Introduction
The Least Common Multiple (LCM) of a set of numbers is the smallest number that is a multiple of all the numbers in the set. Understanding how to find the LCM of numbers can be very helpful in solving a variety of math problems, from fractions to word problems. Today, let's explore how to find the LCM of 80, 85, and 90 using various methods.
What Is the LCM of 80, 85, and 90?
The LCM of 80, 85, and 90 is the smallest number that all three numbers divide into without leaving any remainder. Knowing how to find the LCM is useful in many situations, such as adding or subtracting fractions and solving problems that involve repeating events.
Ways to Calculate the LCM
There are different methods to calculate the LCM. Here are three common ones:
 Division Method
 Listing Method
 Prime Factorization Method
Prime Factorization Method
One way to find the LCM is by using the prime factorization method.
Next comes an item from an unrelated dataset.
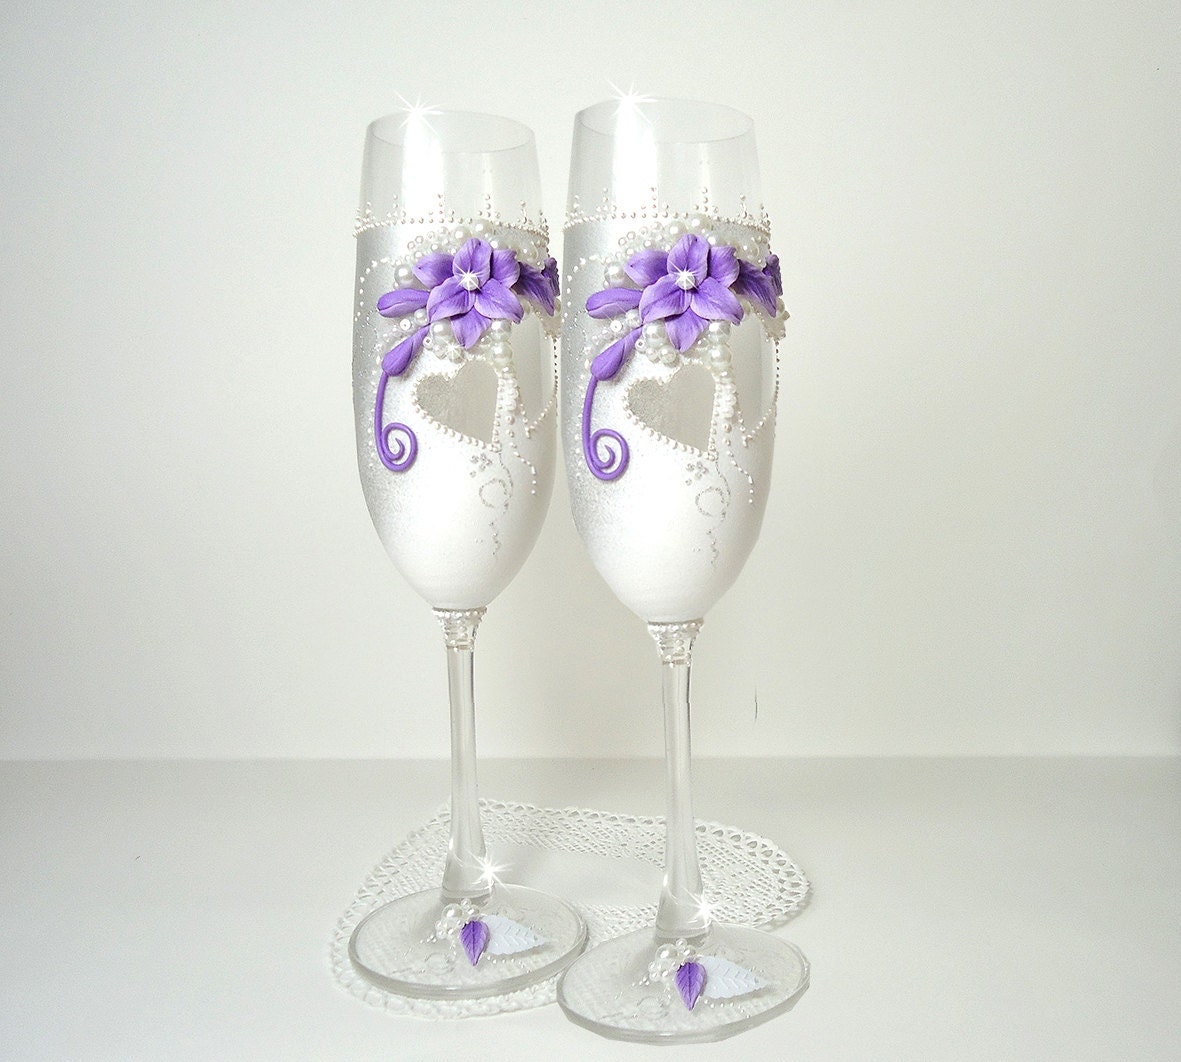 Wedding champagne glasses Toasting flutes Favor gift

Here's how you can do it:
 Find the prime factorization of each number.
 Write down all the prime factors, taking the highest power of each prime that appears in the factorizations.
 Multiply these highest powers together to get the LCM.
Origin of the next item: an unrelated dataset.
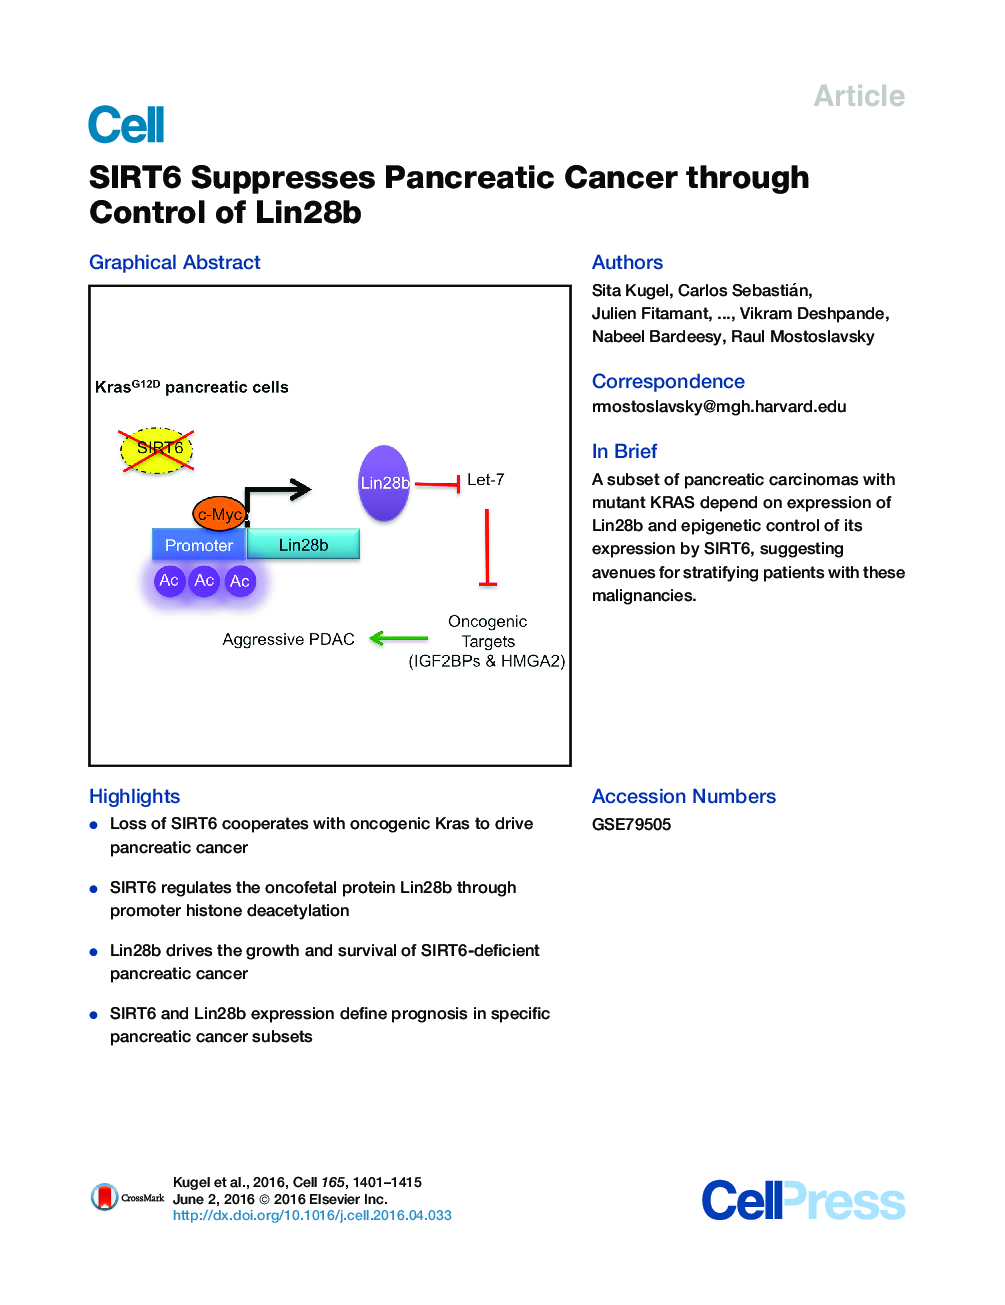 SIRT6 Suppresses Pancreatic Cancer through Control of Lin28b

Prime factorization for each number:
 80 = 2^4 * 5
 85 = 5 * 17
 90 = 2 * 3^2 * 5
Now, take the highest powers:
 2^4
 3^2
 5
 17
Multiply them together:
LCM = 2^4 * 3^2 * 5 * 17 = 2 * 2 * 2 * 2 * 3 * 3 * 5 * 17 = 12240
Division Method
The division method involves dividing the numbers simultaneously by their common prime factors until only 1's are left. Here are the steps:
 Write down the numbers 80, 85, and 90 in a row.
 Divide them by the smallest prime number that can divide at least one of the numbers.
 Write the quotient below each number and repeat the process with the new set of numbers.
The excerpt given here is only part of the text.